Exercise instructions:
In the material below, find the span from the line with "5 EURO CENTS" to the line with "CUF chega a" and transcribe only those lines, exactly, ends included, without the pictures.

Dataset excerpts:
┌──

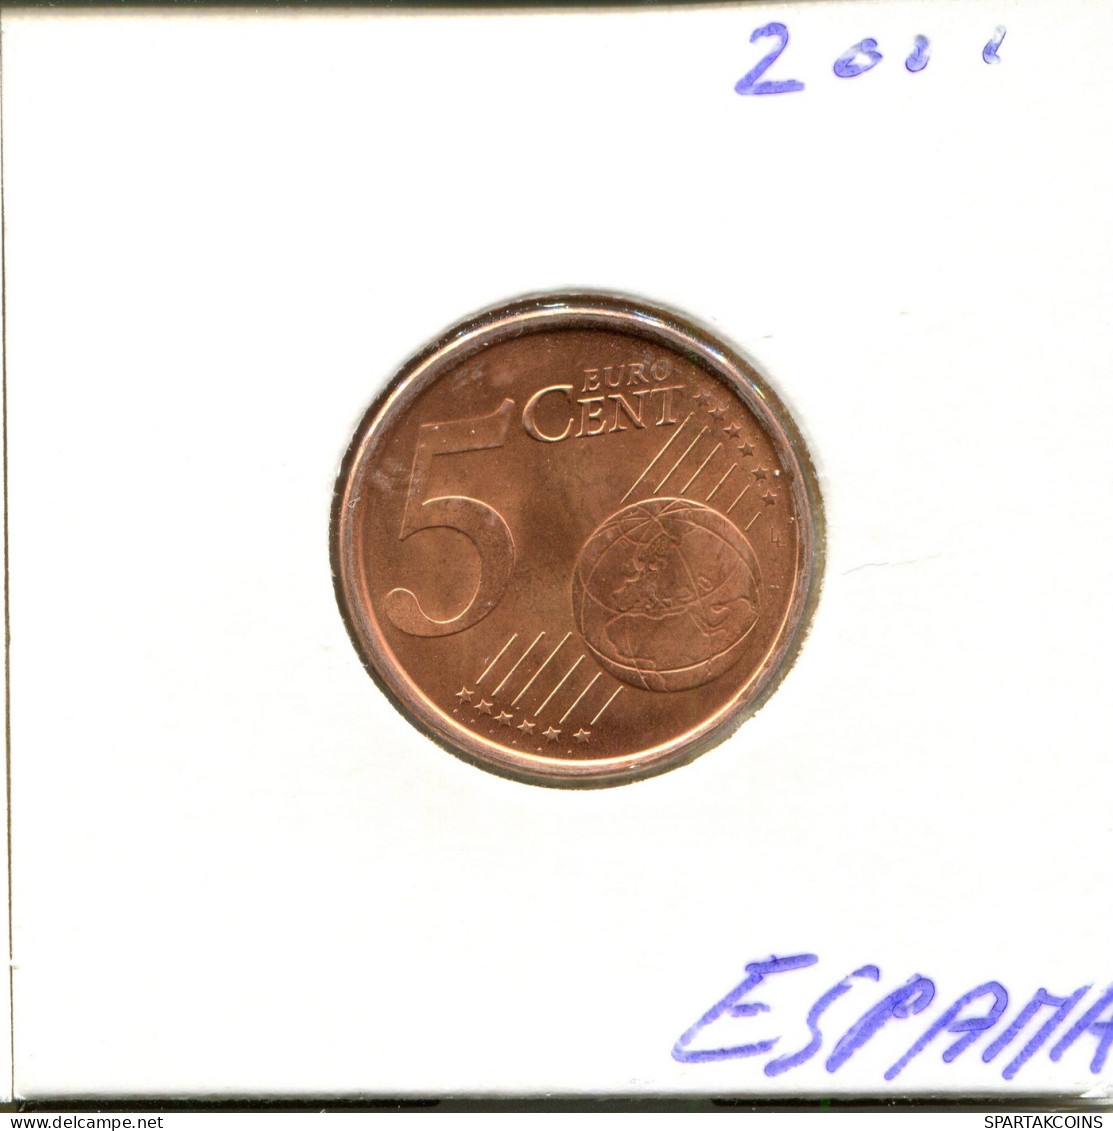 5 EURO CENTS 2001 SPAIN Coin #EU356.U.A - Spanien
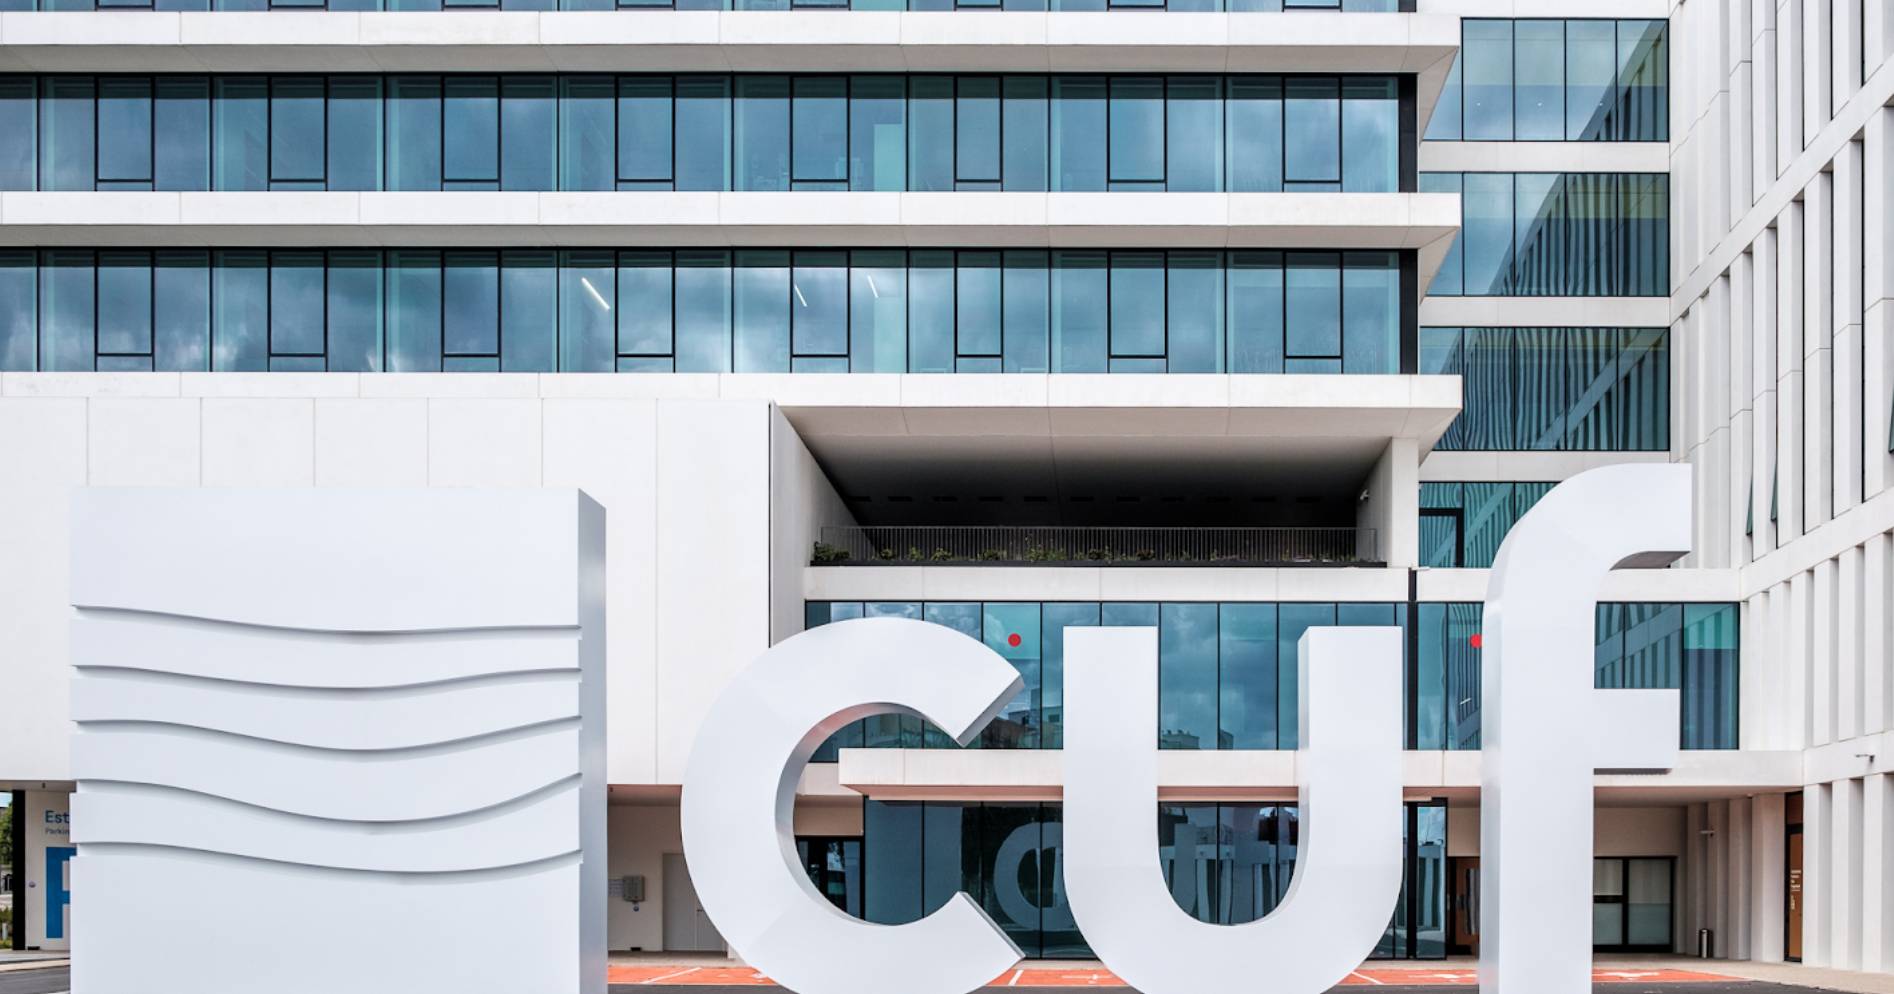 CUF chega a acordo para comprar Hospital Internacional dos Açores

└──
┌──

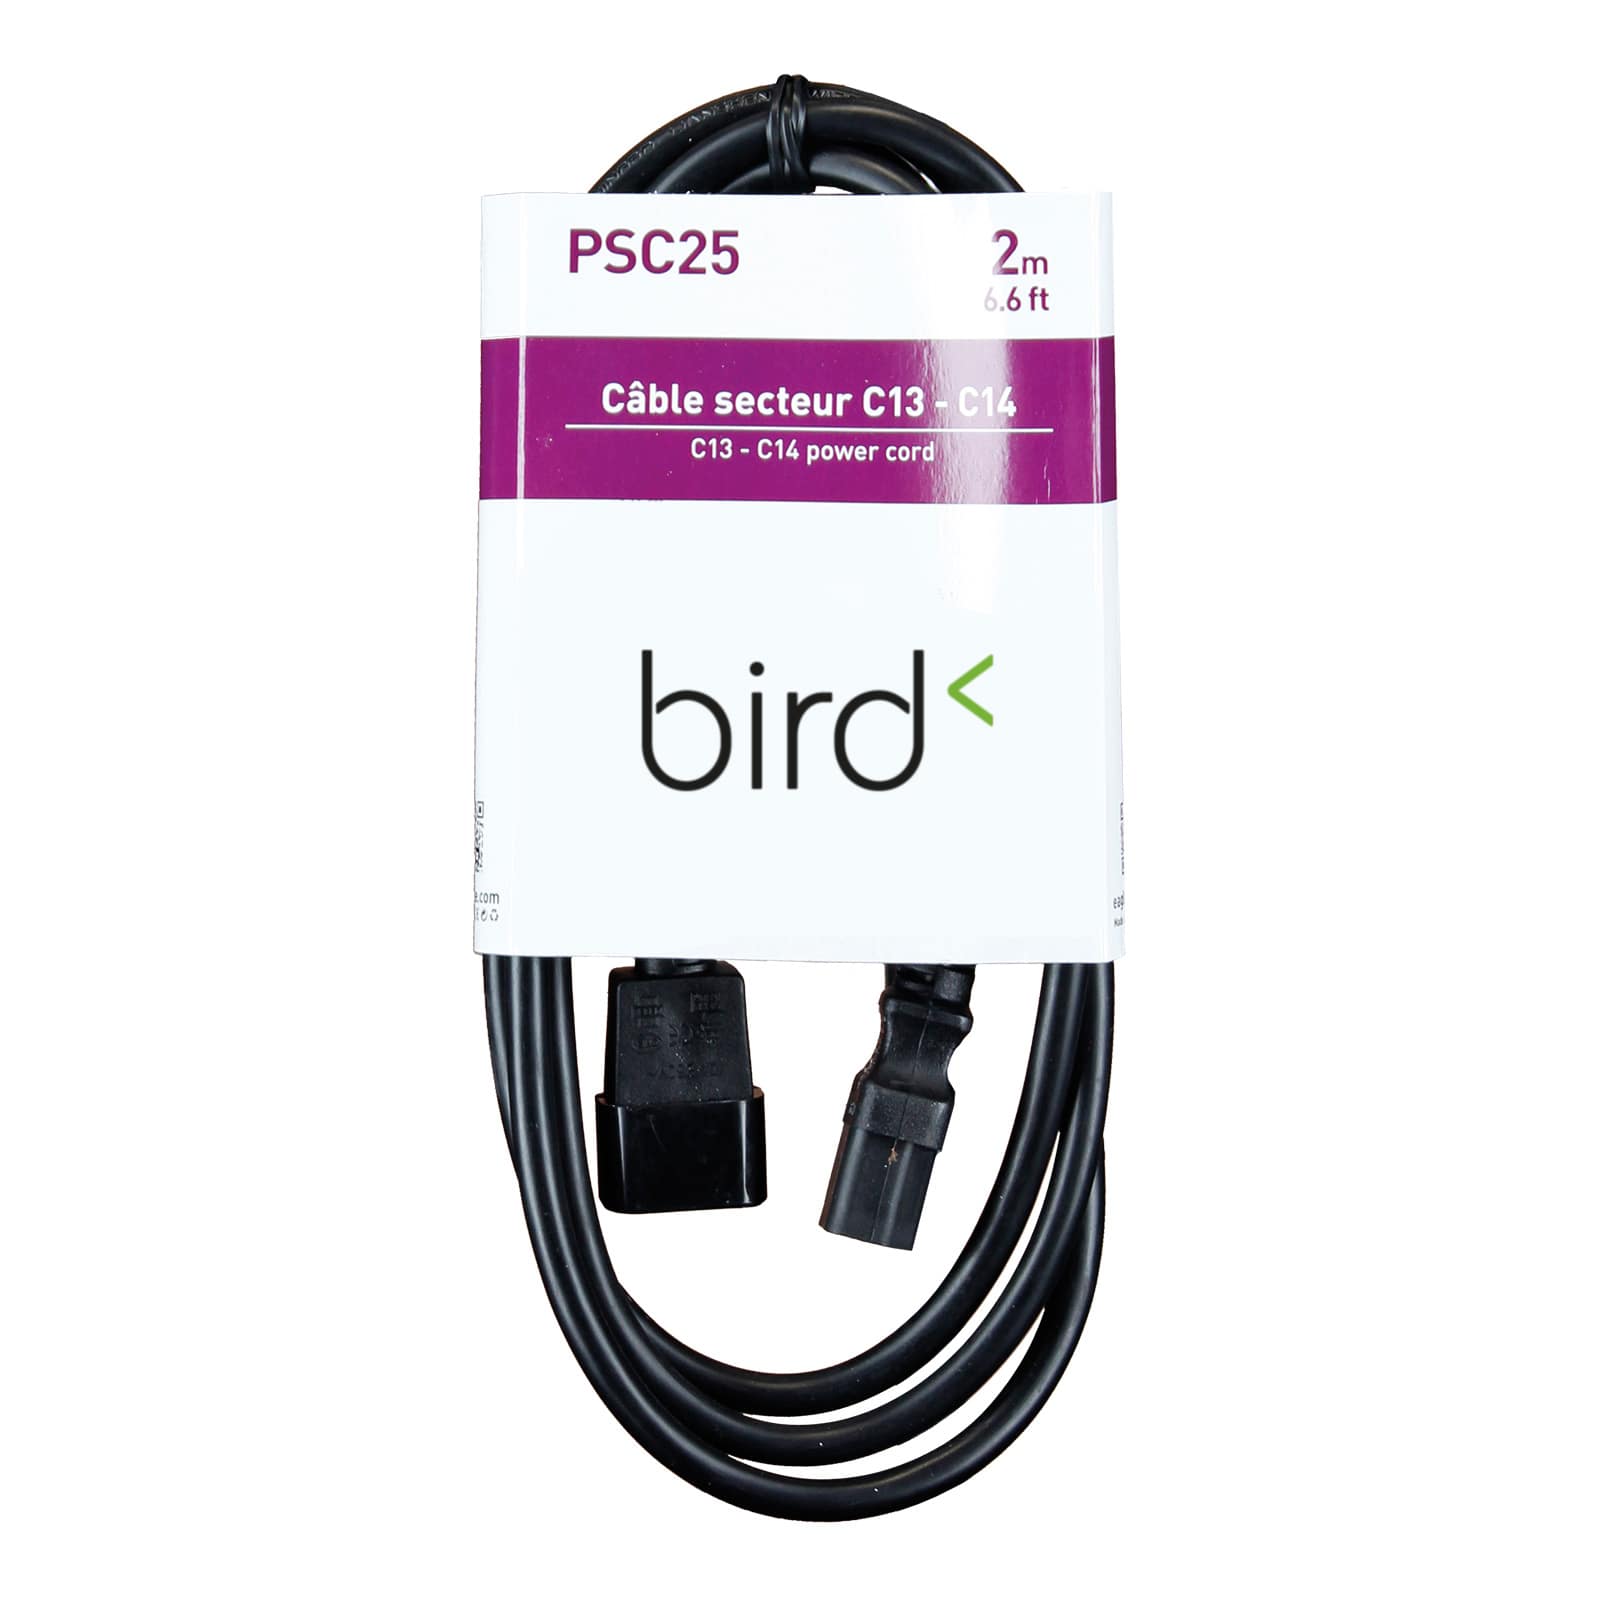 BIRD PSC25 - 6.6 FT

└──

Response for this exercise:
 5 EURO CENTS 2001 SPAIN Coin #EU356.U.A - Spanien
 CUF chega a acordo para comprar Hospital Internacional dos Açores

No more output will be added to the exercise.